*SUPPLIED INFORMATION*
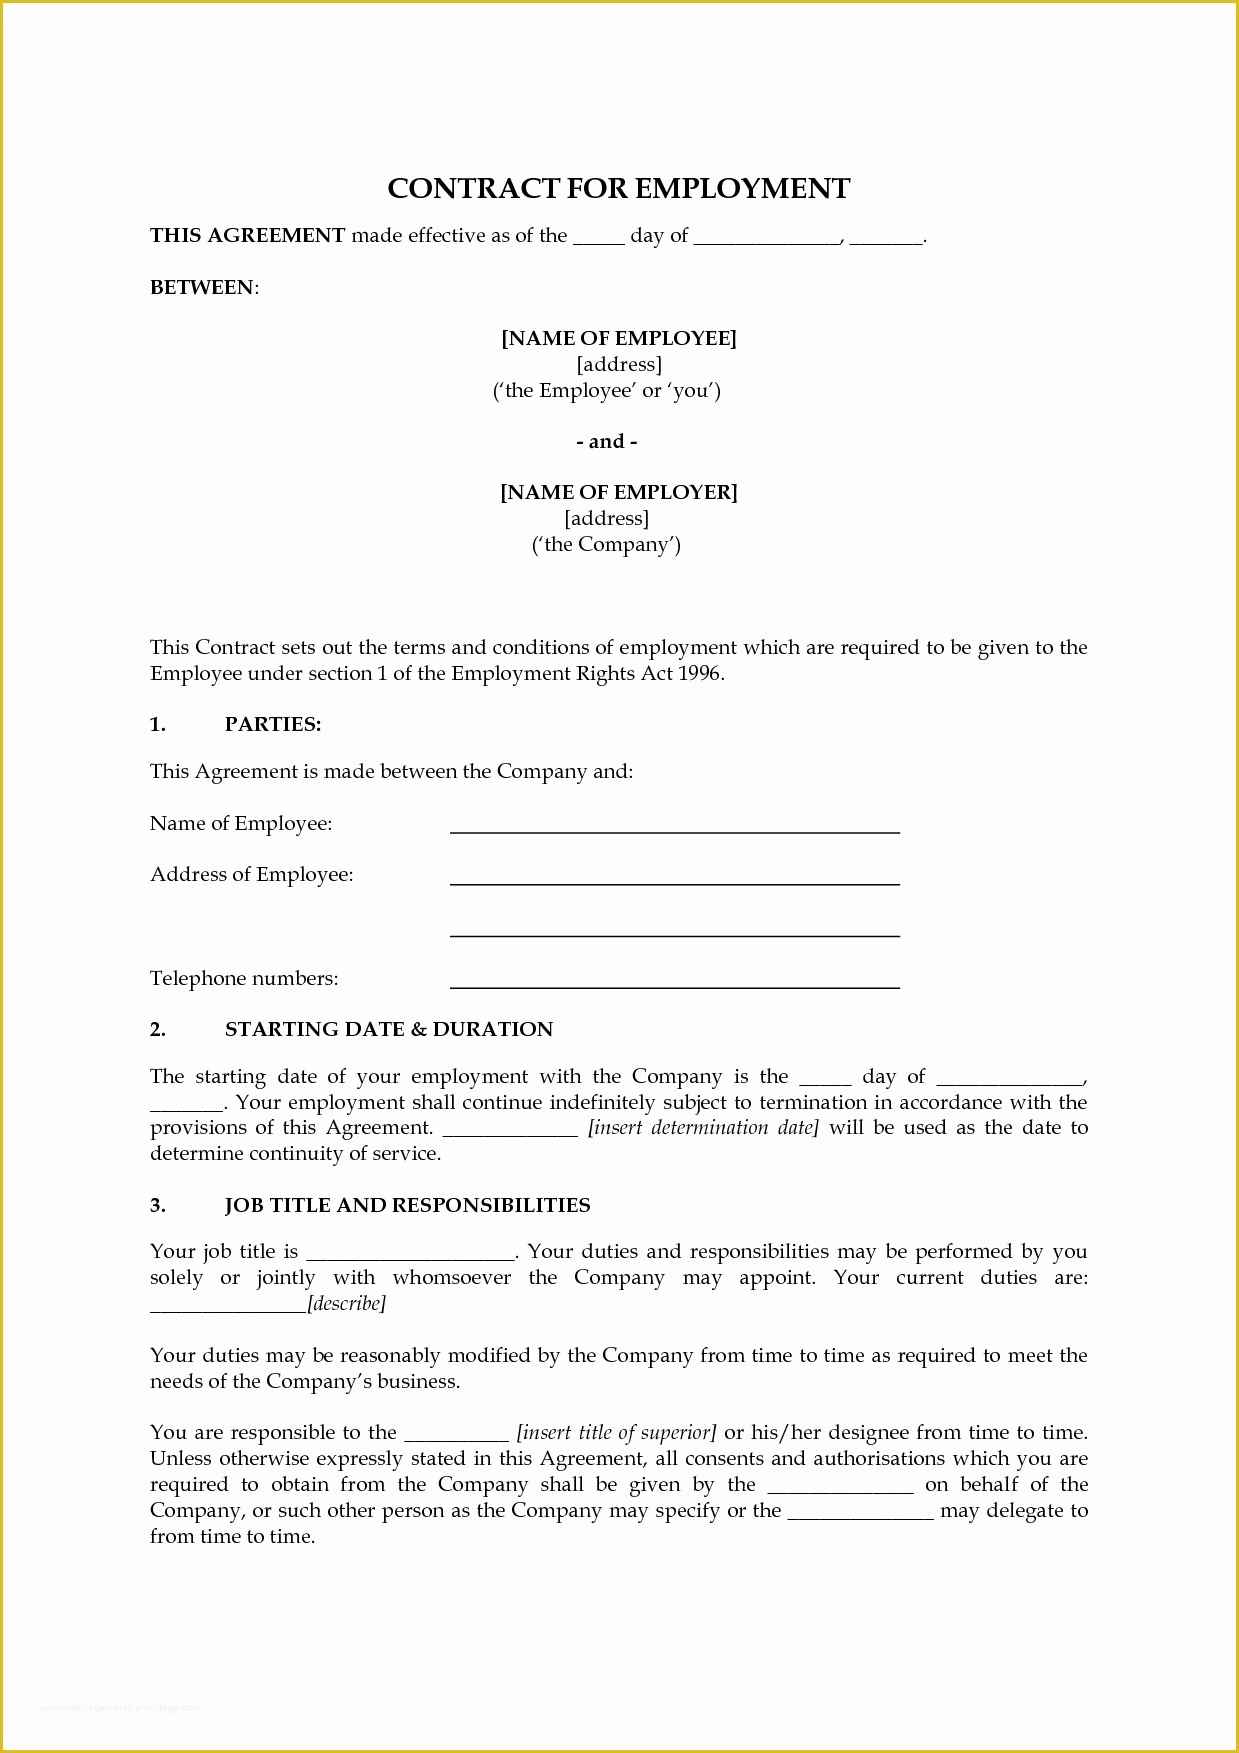 New Employee Contract Template Free Of Work Online Jobs From Home Job Search New York City It
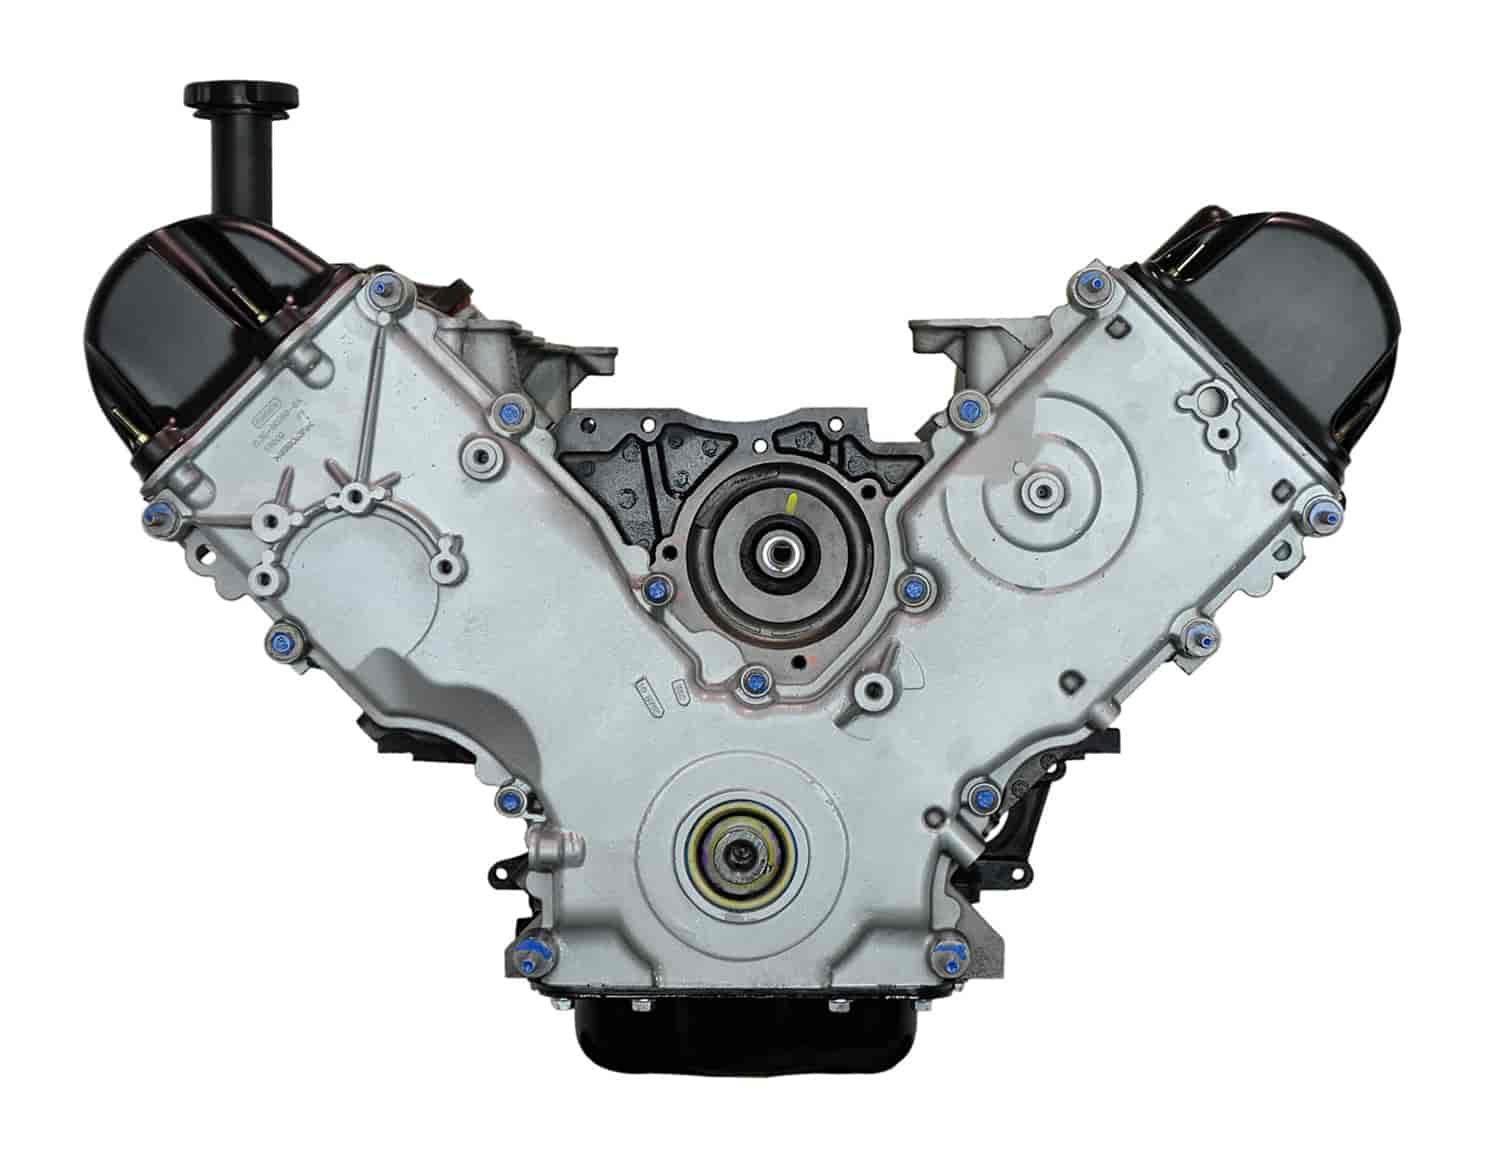 Remanufactured Crate Engine for 2002-2003 Ford F-150 & Expedition with 5.4L V8
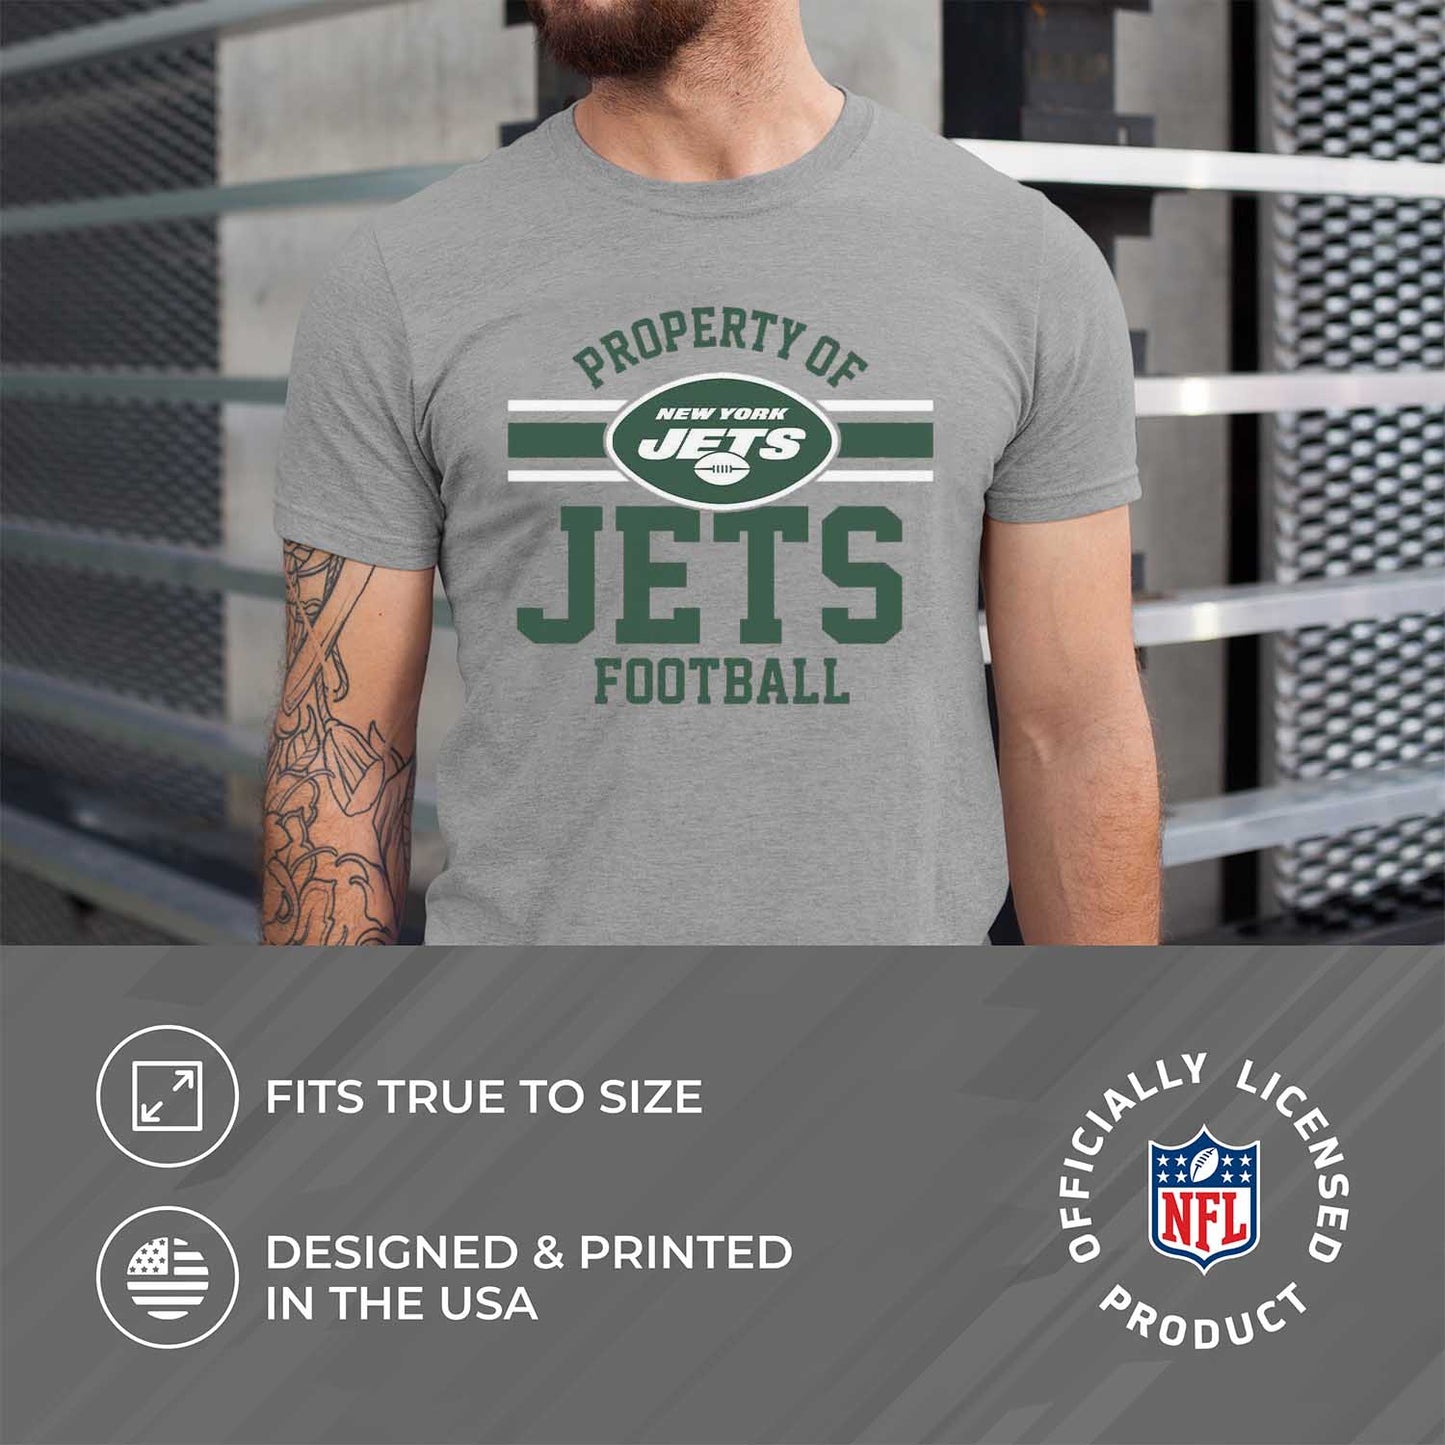 New York Jets NFL Adult Property Of T-Shirt - Sport Gray
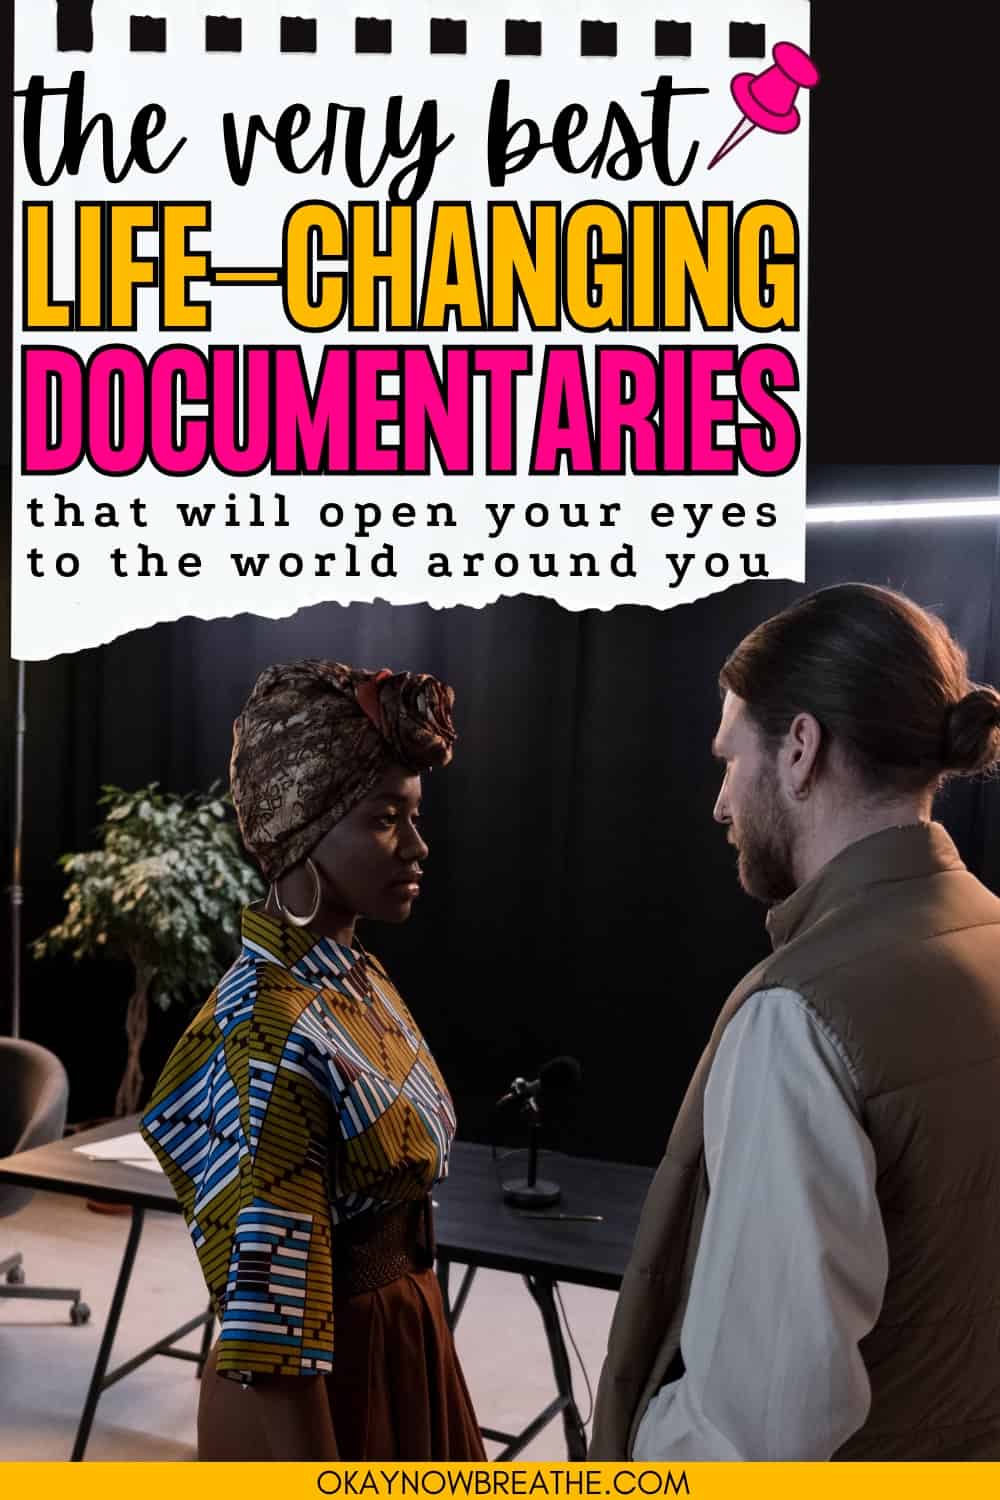 There is a white man face to face with a Black woman from Africa. It looks like they're in the middle of a conversation. Above, there is text that says: the very best life-changing documentaries that will open your eyes to the world around you.

*WHAT YOU ARE ASKED TO DO*
Transcribe the listing in full. Leave the pictures out.

*REPLY TO THE TASK*
 New Employee Contract Template Free Of Work Online Jobs From Home Job Search New York City It
 Remanufactured Crate Engine for 2002-2003 Ford F-150 & Expedition with 5.4L V8
 New York Jets NFL Adult Property Of T-Shirt - Sport Gray
 There is a white man face to face with a Black woman from Africa. It looks like they're in the middle of a conversation. Above, there is text that says: the very best life-changing documentaries that will open your eyes to the world around you.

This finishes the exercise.